There are increasing concerns about the occurrence of pharmaceuticals in our aquatic environment. Several reports have already demonstrated that behaviors of aquatic life were altered by exposure to environmental levels of neuroactive pharmaceutical contaminants. Many such neuroactive pharmaceuticals excreted by human cannot be removed effectively by conventional wastewater treatment processes and are discharged to the aquatic environment.

Neurobehavioural test is one of the major approaches for the assessment of integrated functioning (e.g., motor, sensory, cognitive and autonomic functions) of the nervous system, supplemented by in vitro neurocytological assessment for the characterization of molecular and cellular mechanisms. Impairment or alteration in neurobehaviour indicates changes in neurological functioning. However, associating in vitro neurocytological endpoints with observable in vivo neurodevelopmental and neurobehavioural effects is usually complicated by the lack of systemic biological processes and inter-cellular/ inter-tissue networking in in vitro models.

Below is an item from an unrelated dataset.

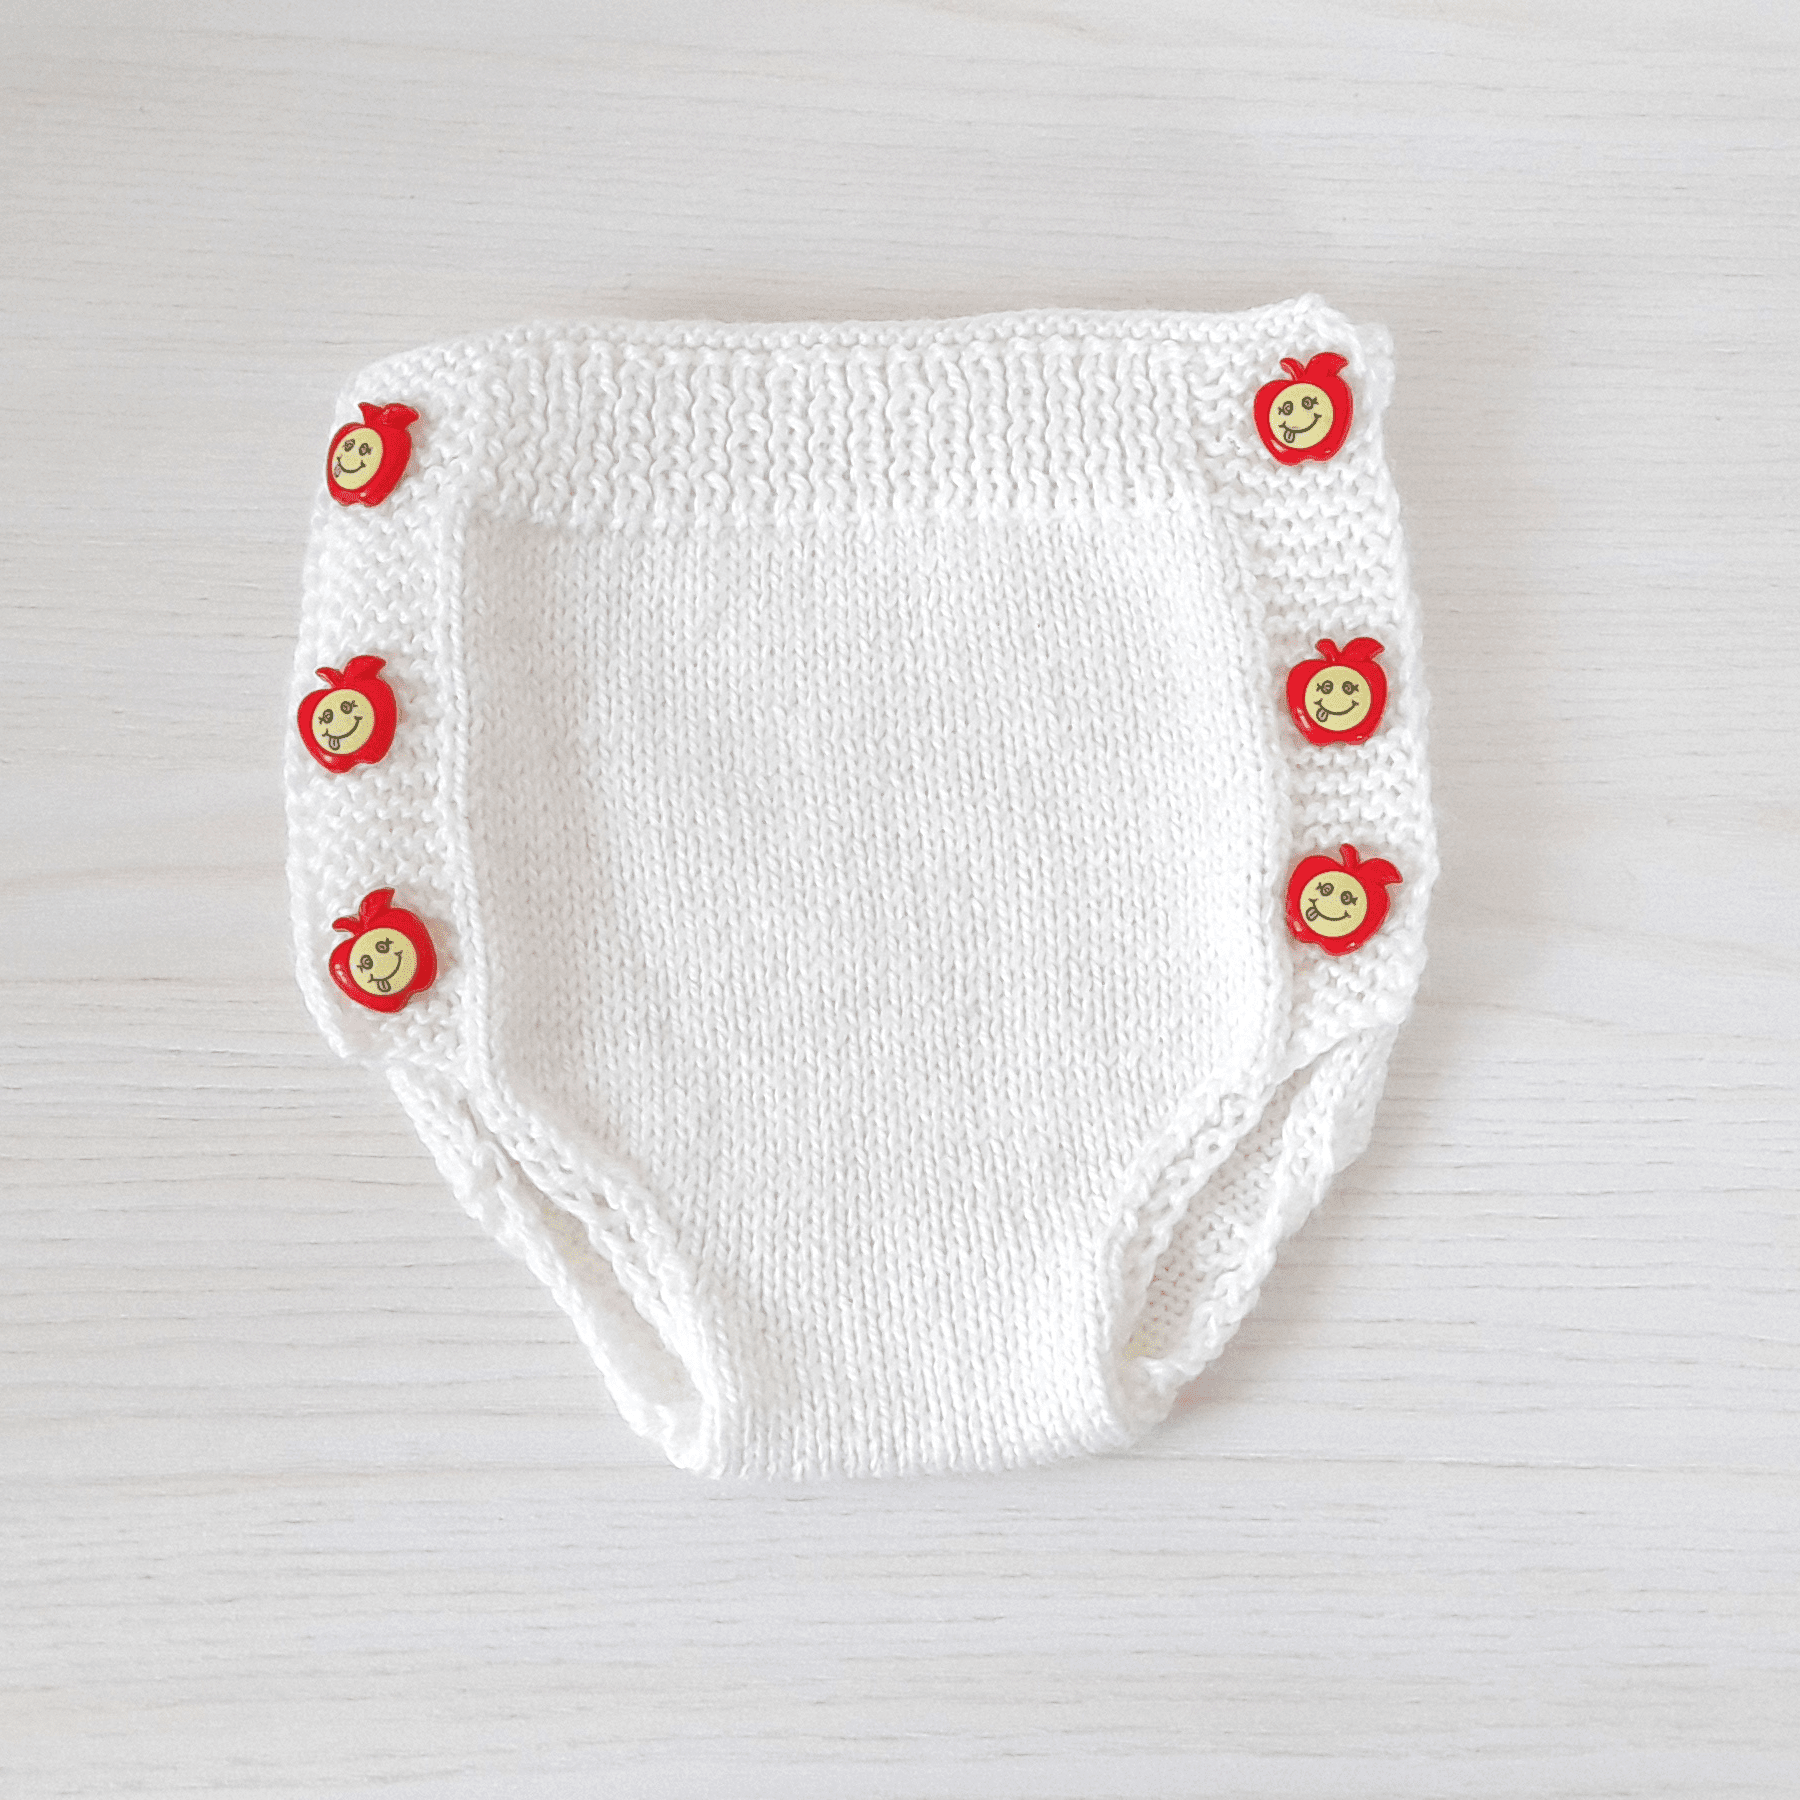 Baby Diaper Cover Knitting Pattern Pdf – 3 Sizes – V47

Metabolomics is an emerging research strategy for toxicology research, in which quantitative changes to a set of small molecule metabolites in biological specimens in response to in vivo or in vitro exposure to the toxicant of interest are assessed. Previous studies have already revealed that the profile of neurotransmitters and their metabolites in the CNS of a model fish was sensitive to in vivo neurotoxicological impacts. It is reasonable to infer that the manifestation of neurobehavioural effects induced by neurotoxic substances should be accompanied by the perturbation of neurometabolic profile of the CNS. Zebrafish (Danio rerio) is an increasingly recognized vertebrate model for neurobehavioural studies and is also an ideal model for translational neuroscience research. Fluoxetine is a commonly prescribed antidepressant, which acts as a selective serotonin reuptake inhibitor (SSRI) or norepinephrine-dopamine disinhibitor (NDDI) in the CNS. The occurrence of fluoxetine in the aquatic environment has been reported worldwide especially at the downstream of sewage treatment plants.

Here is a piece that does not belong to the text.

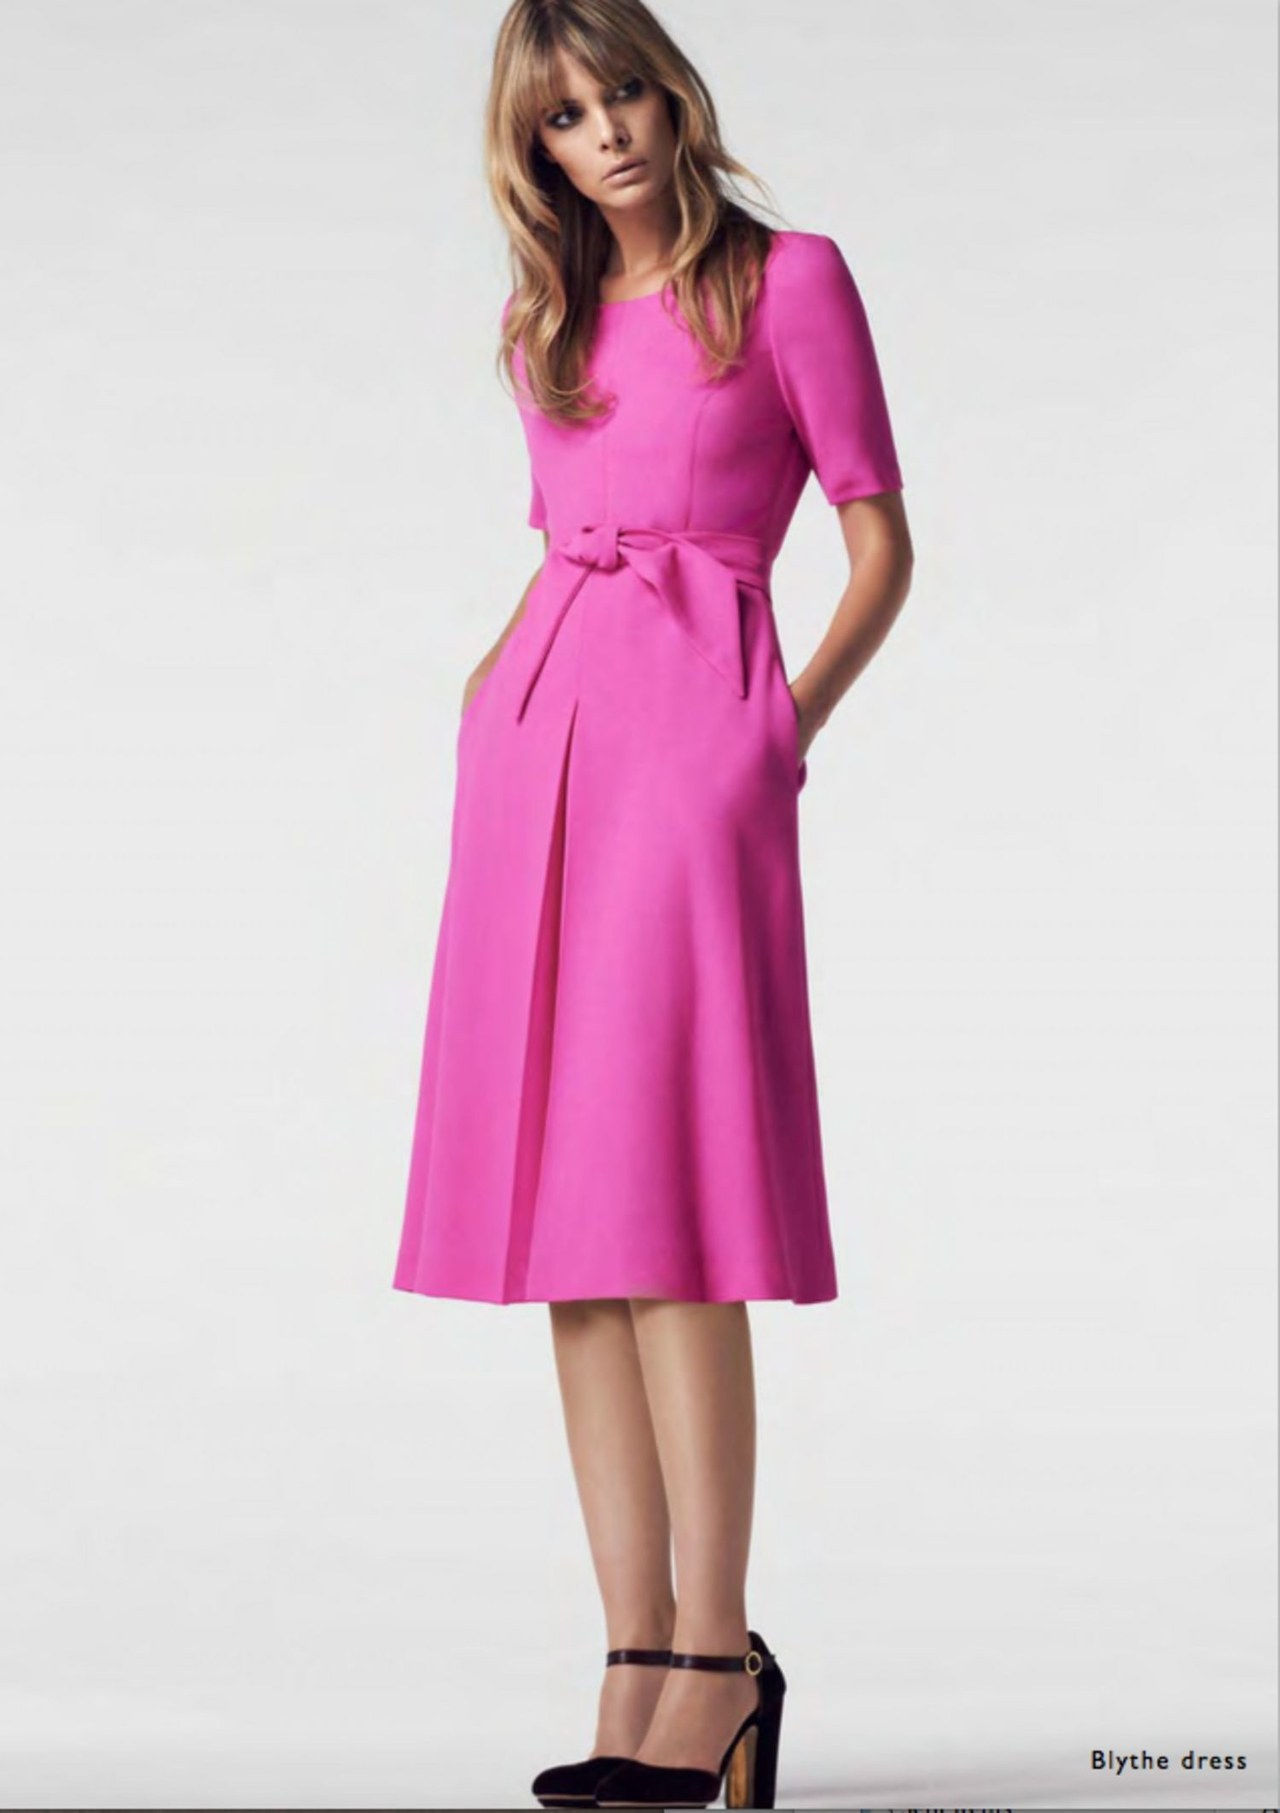 cabra pink dress

In this work, we aim to evaluate the feasibility of using targeted neurometabolomic profiling of the adult zebrafish whole brain to assess neurobehavioural changes (determined by novel tank diving test) induced by subacute exposure to fluoxetine. The first chapter of this thesis introduces essential concepts involved in this study. In the second chapter, the development of a metabolomics study workflow combined with novel tank diving test is reported. Procedures of novel tank diving test was optimized to accommodate the facilities and the metabolomics study workflow. An analytical protocol for the LC-MS/MS-based quantitative neurometabolomic profiling via dansylation labeling was adopted. Zebrafish was exposed to 5 concentrations of fluoxetine (ranging from environmental realistic concentration to common laboratory study concentration) for a period of 14 days. Afterwards, novel tank test was conducted to evaluate behavioural effects of the drug to the fish. Immediate after behavioural test, the whole brain tissue of the fish was dissected and was subjected to the neurometabolic profiling procedures. Swimming behavior of the fish in novel tank diving test was recorded, and the videos were analysed with a tracking software and neurobehavioural endpoints were quantitated. In the third chapter, a multivariate statistical technique, orthogonal-partial least squares (OPLS), was utilized to analyse the perturbation of the targeted neurometabolic profiles of the CNS of fish and to correlate with the behavioural changes induced by the drug. levels of fluoxetine and norfluoxetine in the brain tissue of fish were also measured. The final chapter includes concluding remarks of the study and an evaluation on the utilisation of targeted neurometabolomics platform in neurotoxicological study. Results of our study provide metabolomics information to link the neurological effects of neuroactive chemicals with their in vivo neurobehavioural impacts. With further verification studies, this profiling approach can also become a new tool for ecotoxicological risk assessment of neuroactive contaminants.